- Raw data:
- Opening Delimiter -
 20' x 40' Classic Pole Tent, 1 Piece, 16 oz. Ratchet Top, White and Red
- Closing Delimiter -
- Opening Delimiter -
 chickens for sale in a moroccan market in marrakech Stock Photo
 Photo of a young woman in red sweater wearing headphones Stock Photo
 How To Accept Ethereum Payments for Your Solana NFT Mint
- Closing Delimiter -
- Opening Delimiter -
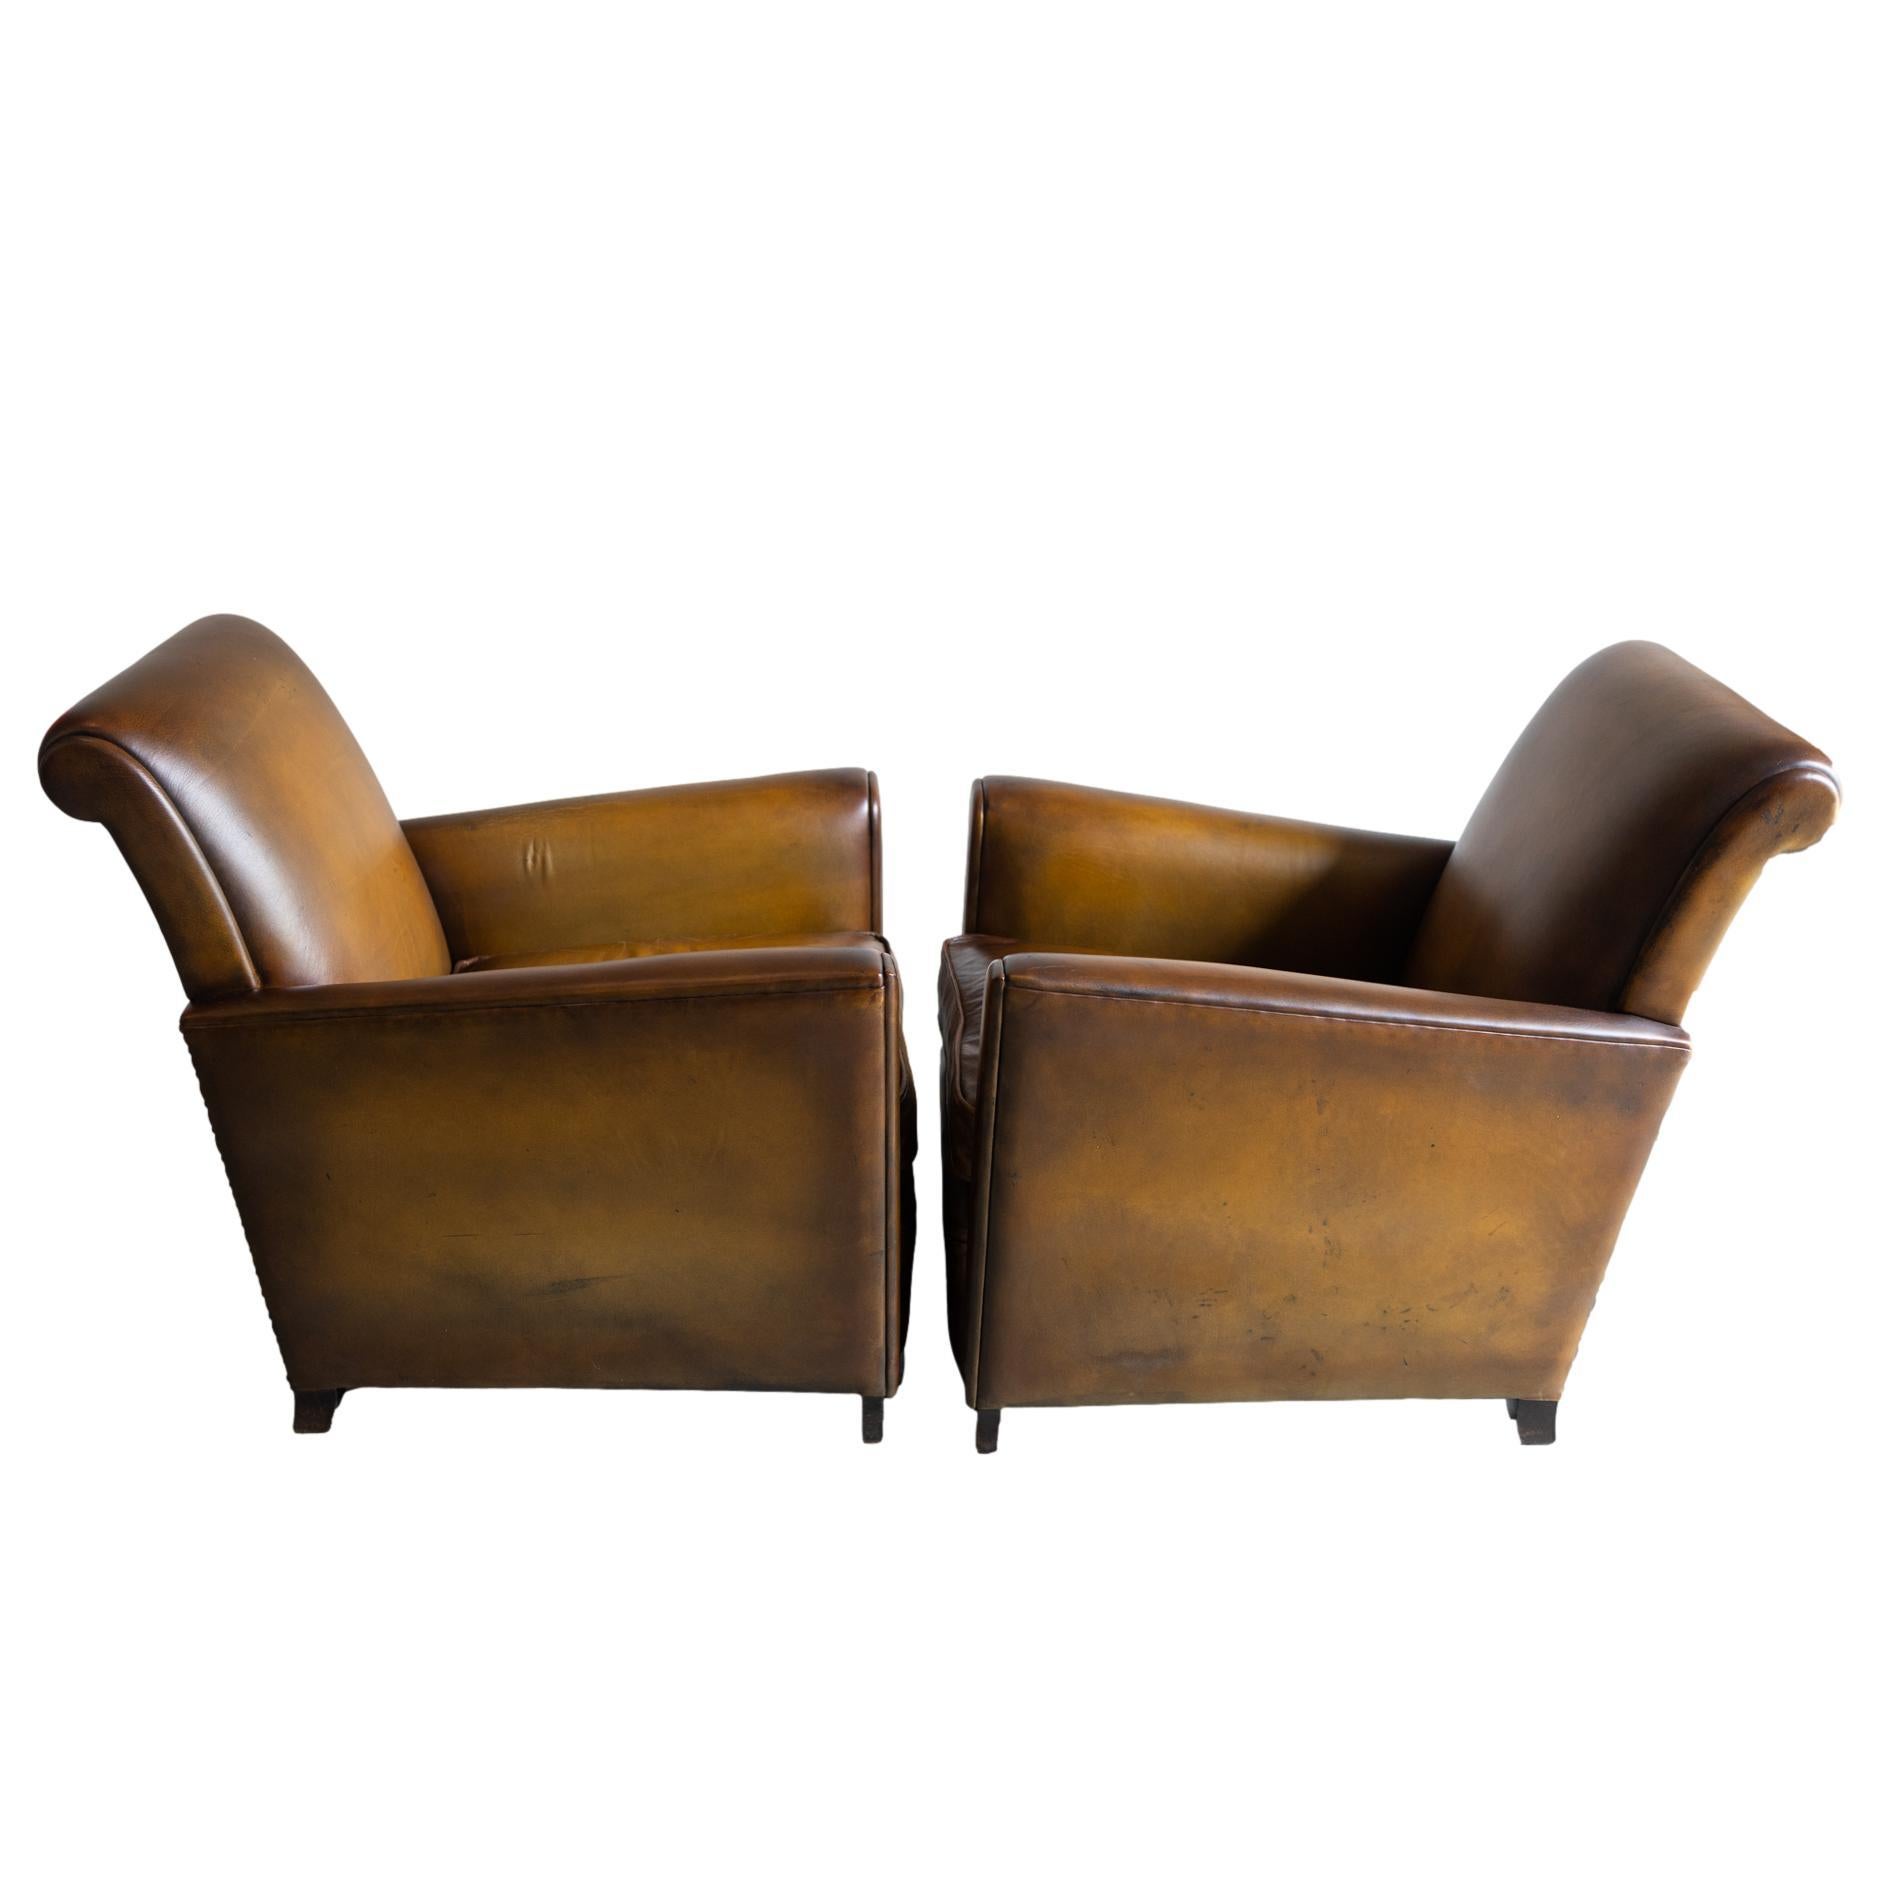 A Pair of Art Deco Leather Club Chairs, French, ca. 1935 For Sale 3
- Closing Delimiter -
- Task brief: Every line of the listing above that contains "Photo" is to be copied.

- Response:
 chickens for sale in a moroccan market in marrakech Stock Photo
 Photo of a young woman in red sweater wearing headphones Stock Photo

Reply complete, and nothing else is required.